Tout à l’heure, celle qui écrit, en ce petit matin noir et gris, tandis que toute la maisonnée sommeille, conduira, peut-être, ses deux filles et son fils à la cérémonie de l’armistice sur la petite place de leur village. Le maire sera là ainsi que les conseillers municipaux. Ce sont les enfants qui ont demandé à y aller car l’une des meilleures amies de numéro deux à une maman élue qui y assiste tous les ans. Si on y va, on pensera à tous ces pauvres malheureux morts dans la boue et le froid, la peur et la faim, quelque part dans une tranchée en Picardie ou en Lorraine. On pensera plus particulièrement à un cousin d’un arrière grand-père, un X lui aussi, mort au champ d’honneur, un vrai héros pour le petit Raymond qui, peut-être, penserait à lui dans la nuit épaisse et glaciale qui fermerait ses yeux à Mauthausen.
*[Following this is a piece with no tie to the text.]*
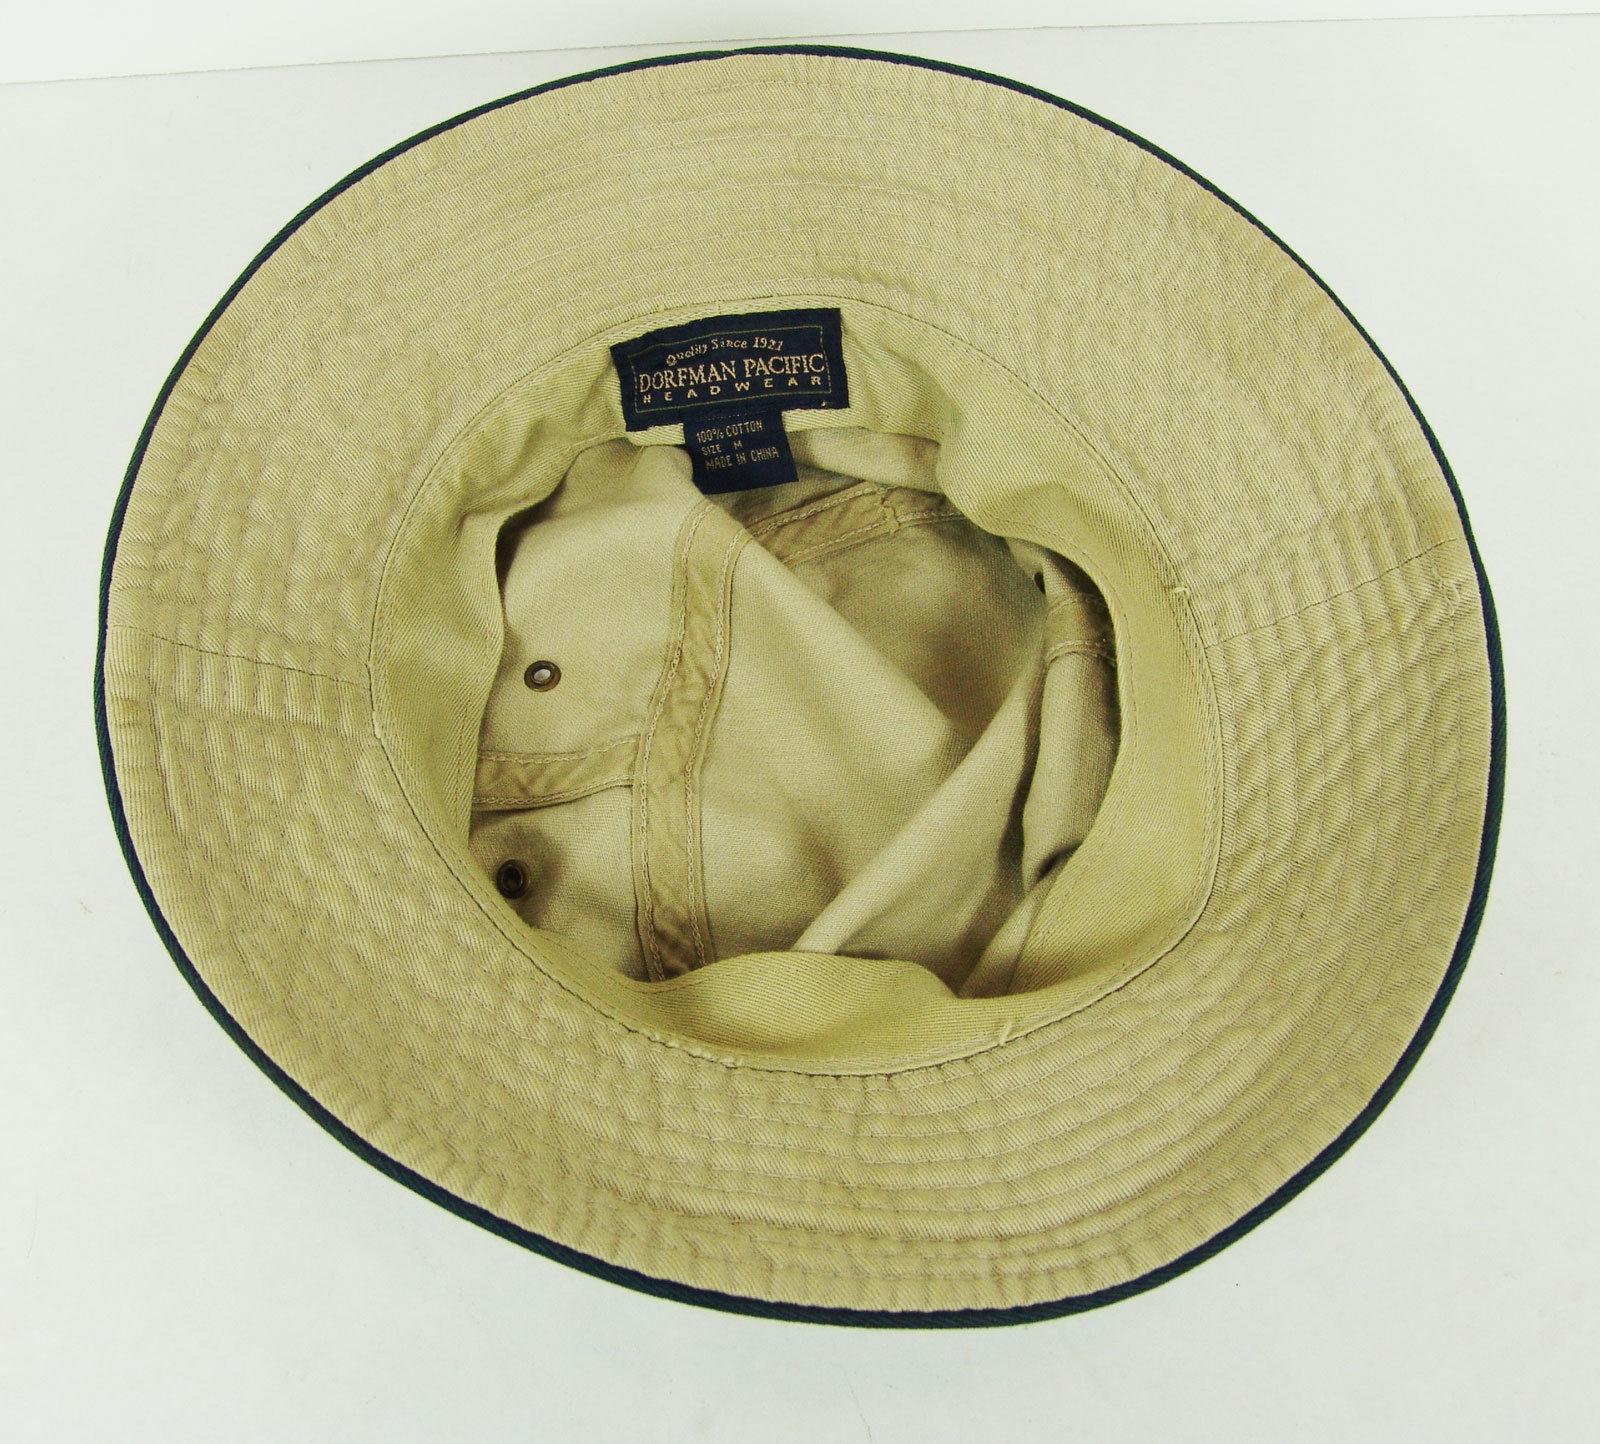 Dorfman Pacific Khaki Bucket Hat Size M 100% Cotton Packable Summer Sun  Outdoor e2fb26368eb2

On penserait, aussi, à un grand grand-oncle provençal mort aux Dardanelles, à l’âge de 23 ans, si seul, si loin de son Rhône et de sa terre chantée par Mistral.
Tout à l’heure, les monuments aux morts se couvriront de fleurs, comme les tombes à la Toussaint et la maman pensera à cet uniforme protégé sous une housse et pendu dans l’obscurité anti-mitée d’un placard gardois. Elle pensera également à la casquette paternelle et se dira que sa sœur et elle auront peut-être envie toutes deux de la donner à leur fils.
Anne-Lorraine Guillou-Brunner
Merci Anne-Lorraine pour ce billet si émouvant. J’ai toujours voulu te demander le pourquoi de ton prénom…je comprends !
Je t’invite à lire celui que j’ai écrit aujourd’hui sur mon blog http://www.catherine.elleboode.over-blog.com
Je t’embrasse
Catherine
Merci beaucoup Catherine. Ton poème m’a énormément touchée! Ce grand-père, cette figure de héros, a beaucoup manqué dans la famille maternelle. Il était de souche lorraine et provençale. Il voulait, plus que tout, rejoindre la France libre à Londres. Dans ses lettres, il demandait à sa jeune femme de comprendre le sens de sa démarche. Bien sûr, il ne pouvait pas imaginer la mort qui l’attendait, même si, je crois, qu’il l’acceptait. Certains prénoms sont lourds à porter…Je t’embrasse.